Pulmonary embolism causes between 180,000 and 200,000 U.S. deaths a year, and is the most common cause of in-hospital cardiovascular death, said Dr. Kenny Rosenfield, section head for vascular medicine and intervention with the Division of Cardiology at Massachusetts General Hospital and president of the PERT Consortium.

“There has been a lack of recognition of the magnitude of this problem, and lack of attention to it,” Rosenfield said. “This is the third leading cardiovascular cause of death, right behind stroke and heart attack, so it’s very common.”

“... And yet where we’ve reduced the mortality for heart attack and stroke some 30 percent or more over the last couple of decades, we have not made virtually any impact on pulmonary embolism.”

The lack of focus on pulmonary embolism is particularly discouraging in light of it being one of the most preventable and treatable cardiovascular diseases, Rosenfield noted. But awareness in increasing as the PERT Consortium has attracted doctors from as far away as China, Argentina, Uganda and the Netherlands, he added.

Elder has pioneered development of several new technologies for treatment of pulmonary embolism, Rosenfield noted. Innovative cardiac catheterization procedures, such as the one used on Katy Sauls, are saving patients considered too unstable to survive surgery.

In Sauls’ case, Elder used an ultrasound machine called an Ekos to pulse clot-busting medications into the pulmonary embolism. While clot-dissolving medications can cause bleeding in other parts of the body, placing the patient at risk of a stroke, the Ekos allowed Elder to deliver a fraction of the usual dose exactly where it needed to go, reducing the risk of that complication.

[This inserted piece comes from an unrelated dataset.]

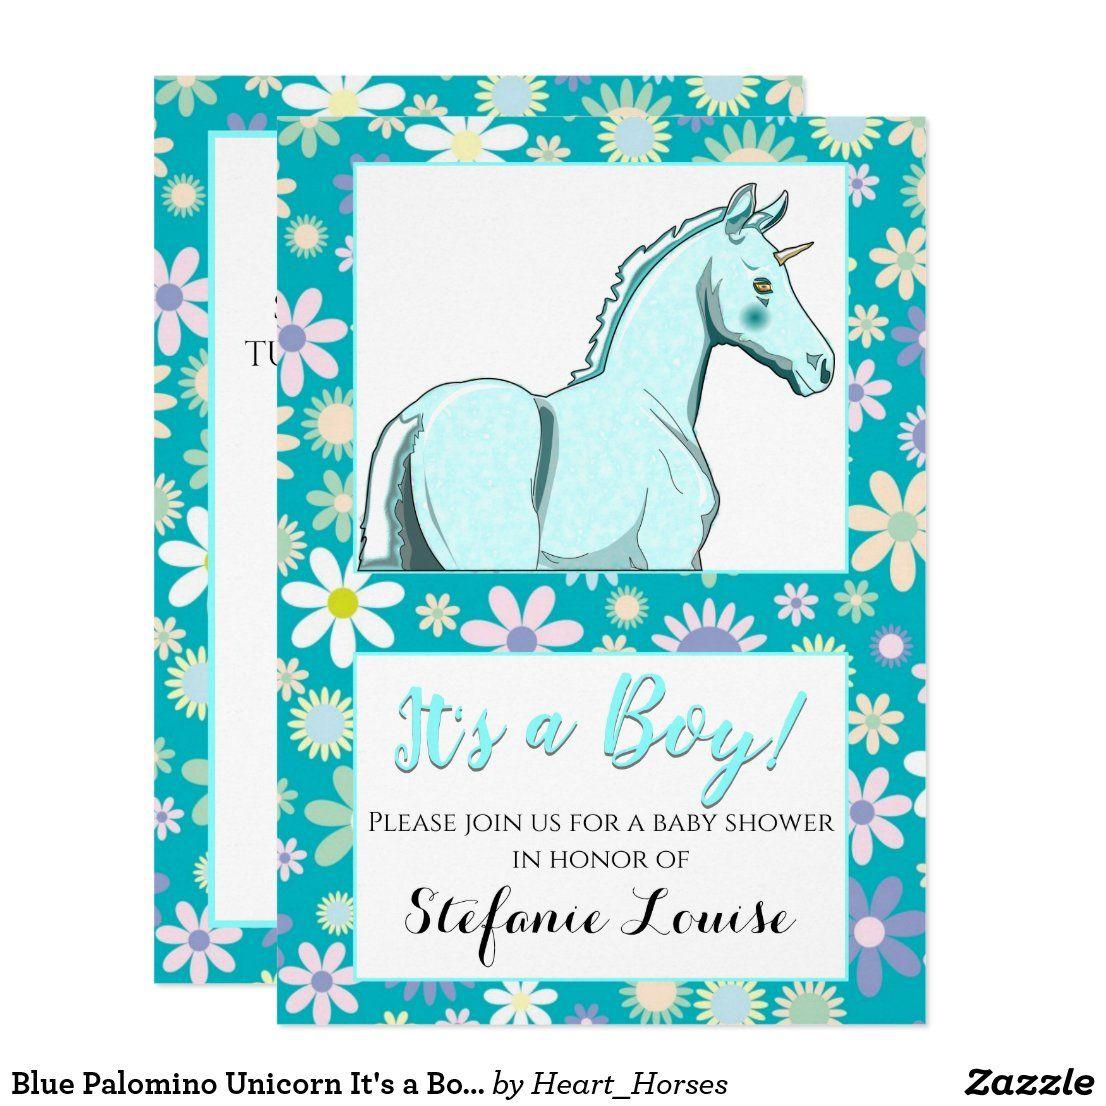 Blue Palomino Unicorn It's a Boy! (blue flowers

Elder talked about saving the life of a 12-year-old boy recently. Because of heightened awareness of pulmonary embolism, doctors at DMC Children’s Hospital diagnosed the condition quickly and called PERT for help.

“He had a condition, sickle cell, which is common in the city of Detroit, and that progressed to a clot that he developed and went to his lungs,” Elder said. “Hats off to Children’s Hospital, they were very good at catching it, and catching it early.”